# [Task details]
Please repeat the lines below exactly. Begin with the line containing "Виза на мальдивы: нужна" and go on through the line containing "Emerald Beau Diamond Ring in Platinum".

# [Provided records]
::::
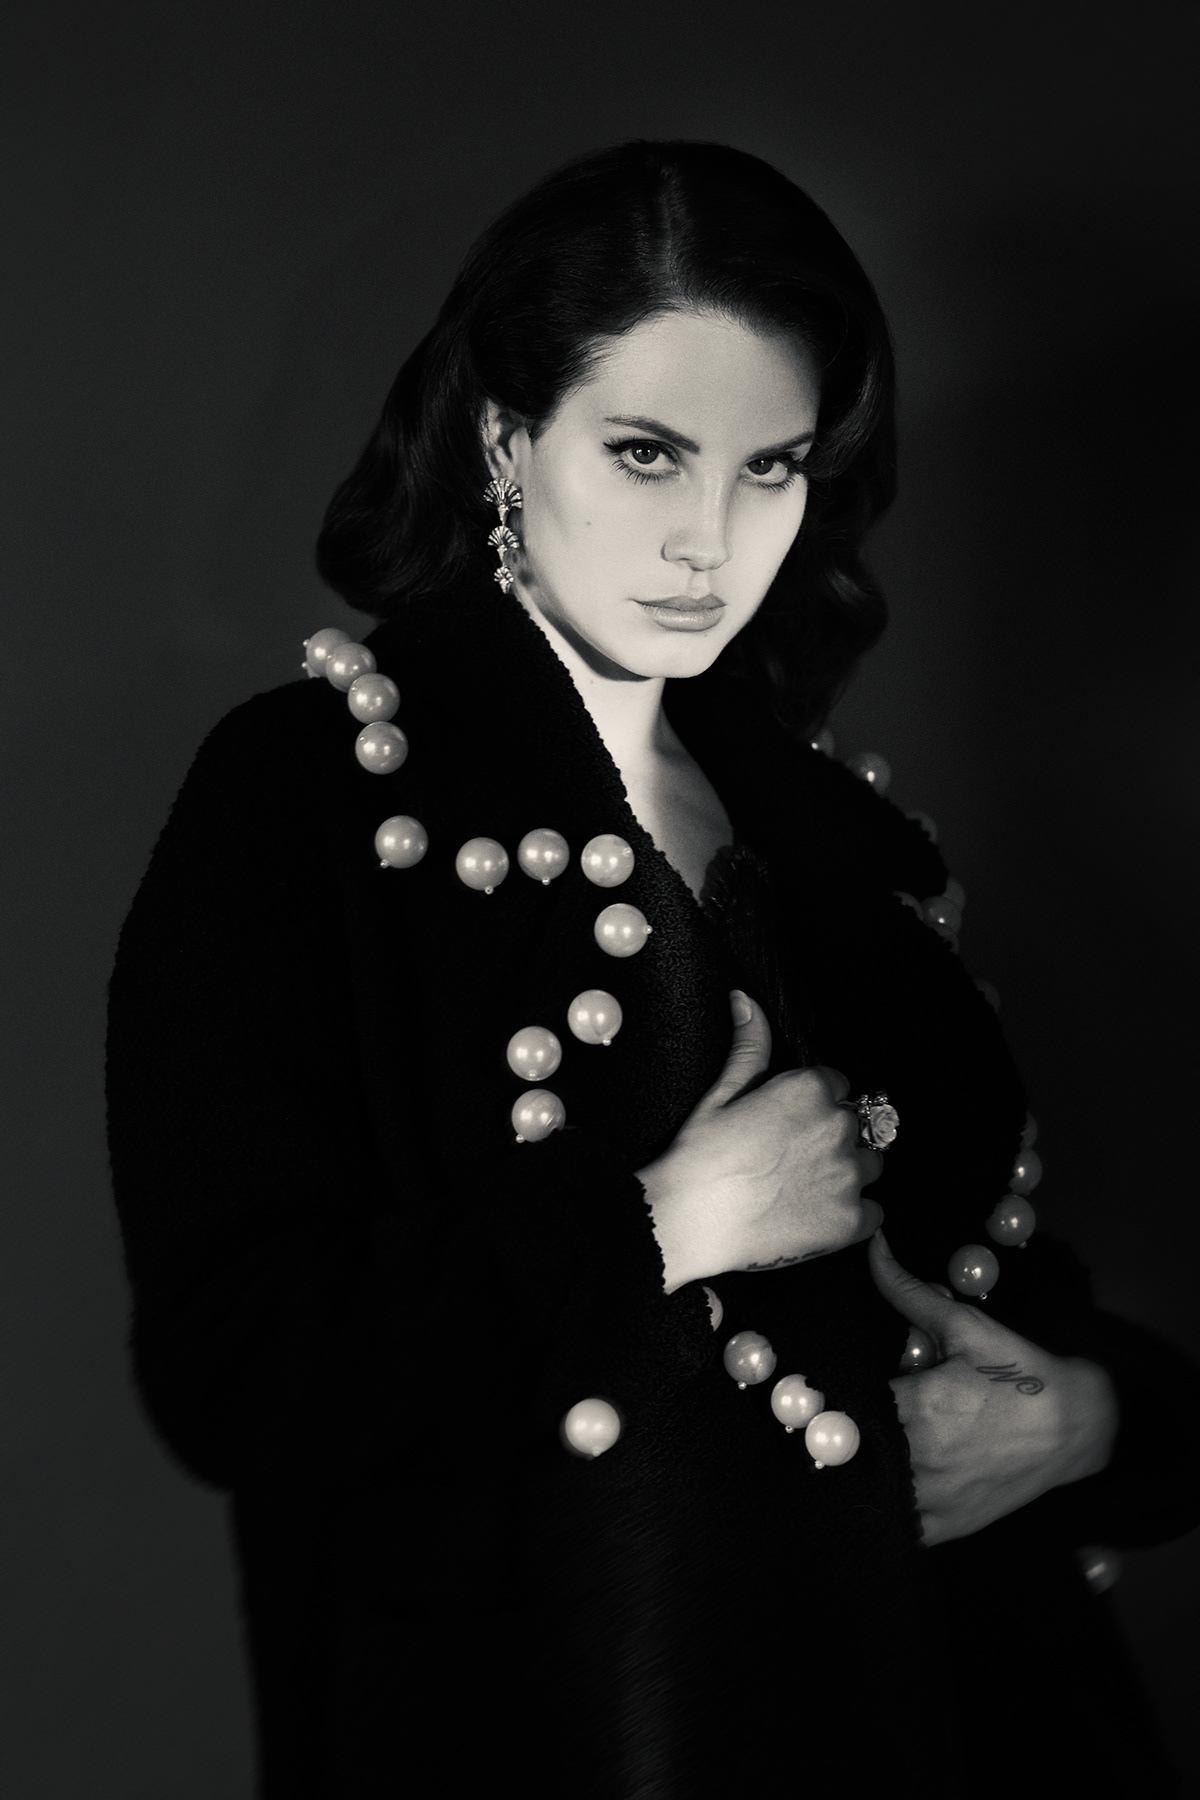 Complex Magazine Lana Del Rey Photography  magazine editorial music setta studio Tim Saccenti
::::
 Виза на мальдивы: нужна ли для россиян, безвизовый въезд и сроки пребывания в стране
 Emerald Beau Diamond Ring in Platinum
::::
# [Output of the exercise]
 Виза на мальдивы: нужна ли для россиян, безвизовый въезд и сроки пребывания в стране
 Emerald Beau Diamond Ring in Platinum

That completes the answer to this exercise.